Alih-alih menjawab, Pangeran Arka justru mendekat kearah Arsya. Pria itu terus memandang Arsya dengan tatapan seperti anak kecil yang menemukan mainan baru. Seringai kembali muncul di wajah tampannya saat Arka sampai tepat di depan Arsya. Dengan jarak sedekat itu dan perbedaan tinggi mereka yang mencolok. Arsya pun terpaksa harus mendongak untuk dapat memandang wajah tampan Arka. Hingga aroma menyegarkan dari tubuh Arka memenuhi udara yang dihirup Arsya.

"Aku senang lidah tajam mu sudah kembali seperti semula. Aku yakin kamu sudah tidak lagi merasa nervous." Ucap Arka sambil memutar tubuh Arsya agar kembali memandang lukisan keluarga bermata hijau itu lagi. Tanpa melepaskan tangannya dari bahu Arsya. Arka pun kembali bersuara di antara debaran jantung Arsya bertambah kencang setiap detiknya.

"Dengarkan baik-baik dan jangan menyela dulu." Arka memulai dengan suara dan tubuh yang terasa begitu dekat dengan Arsya. Hingga sensasi aneh kembali dirasakan Arsya. "Itu adalah lukisan terakhir dari keluarga Shahenda.

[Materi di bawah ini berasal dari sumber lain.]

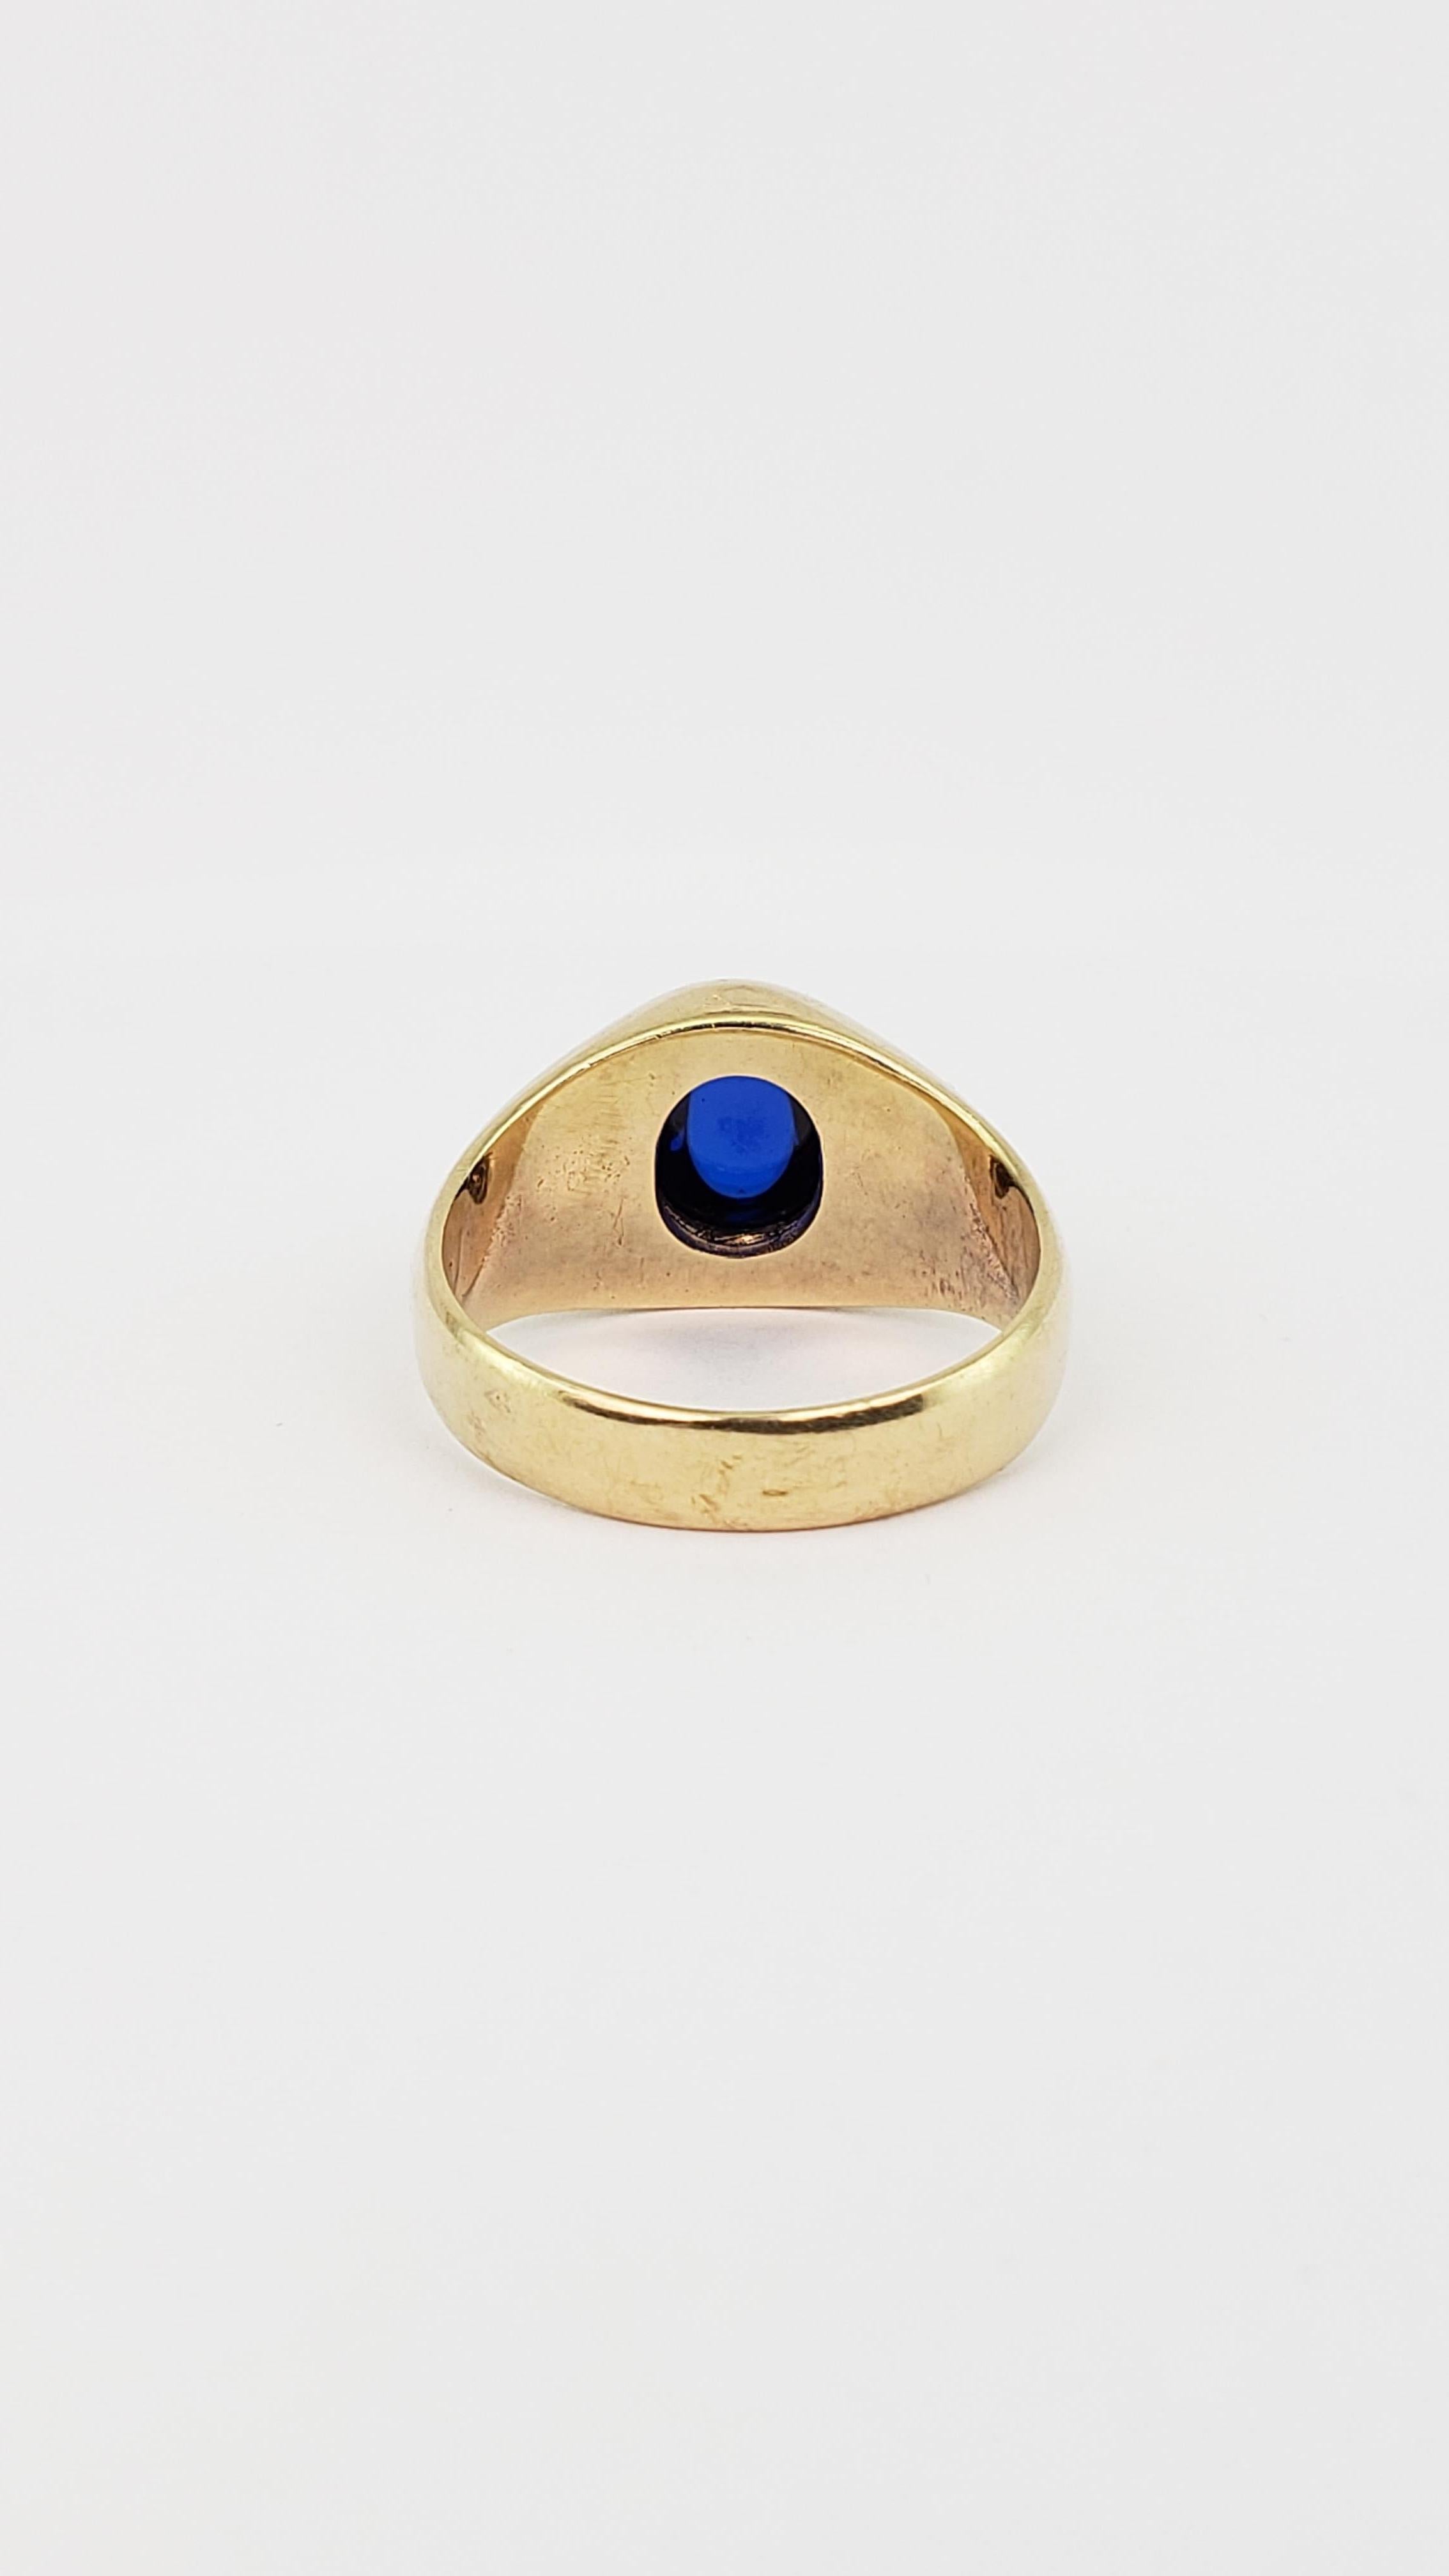 10K Gold Men's or Lady's Ring with Synthetic Blue Sapphire Oval Cabochon 1
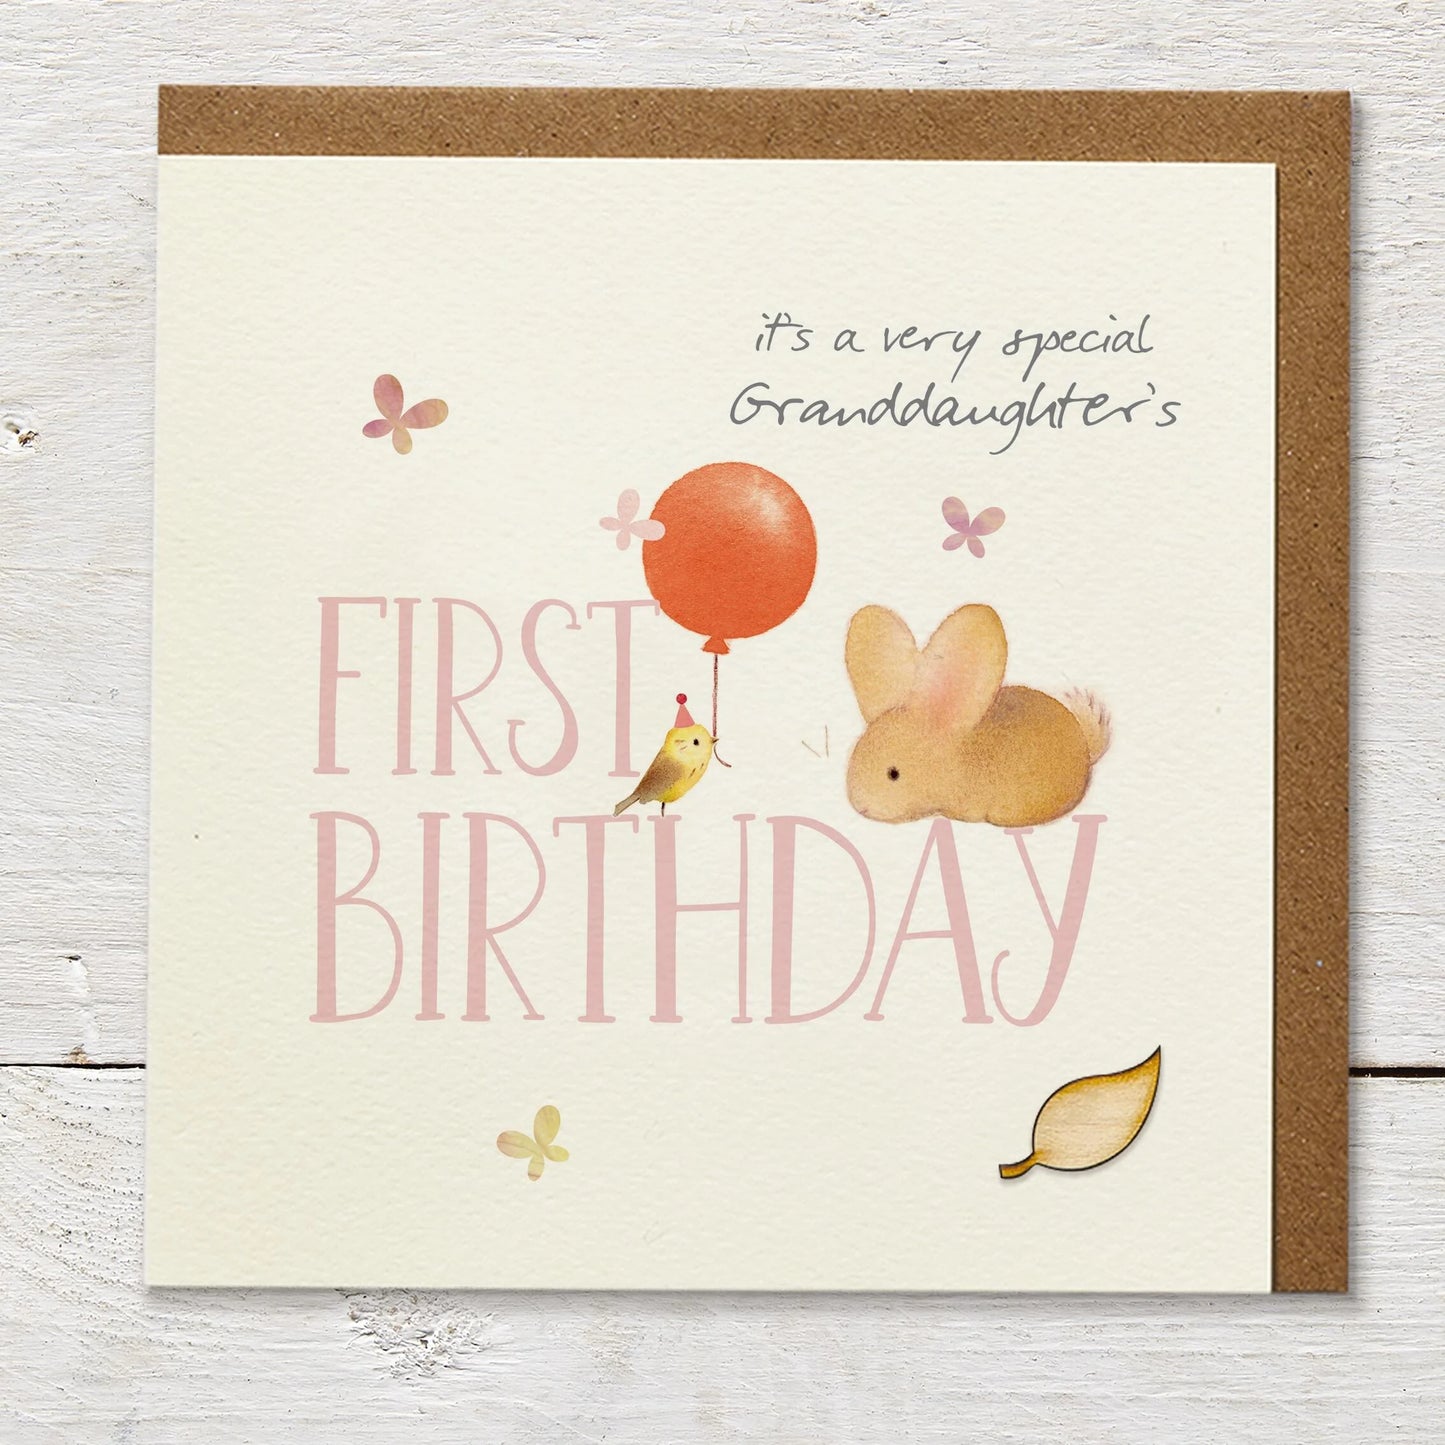 Granddaughter’s First Birthday Greeting Card

Lukisan yang berhasil diselesaikan sebelum Putri Feyna, gadis yang memiliki tanda lahir yang sama denganmu itu, melarikan diri dari Istana dan Kerajaan ini. Sebelum sisa anggota keluarga lainnya meninggal di malam yang sama saat sebuah tragedy menimpa mereka."

"Ah! Aku tau!" Arsya menyela tanpa sadar. Karena memang sekarang pikirannya begitu fokus mengikuti cerita dari Arka. Arsya pun lupa peringatan awal dari nya. "Kalian berpikir aku memiliki hubungan dengan keluarga ini. Karena nama Shahenda ku, iya 'kan? Juga mata hijauku?"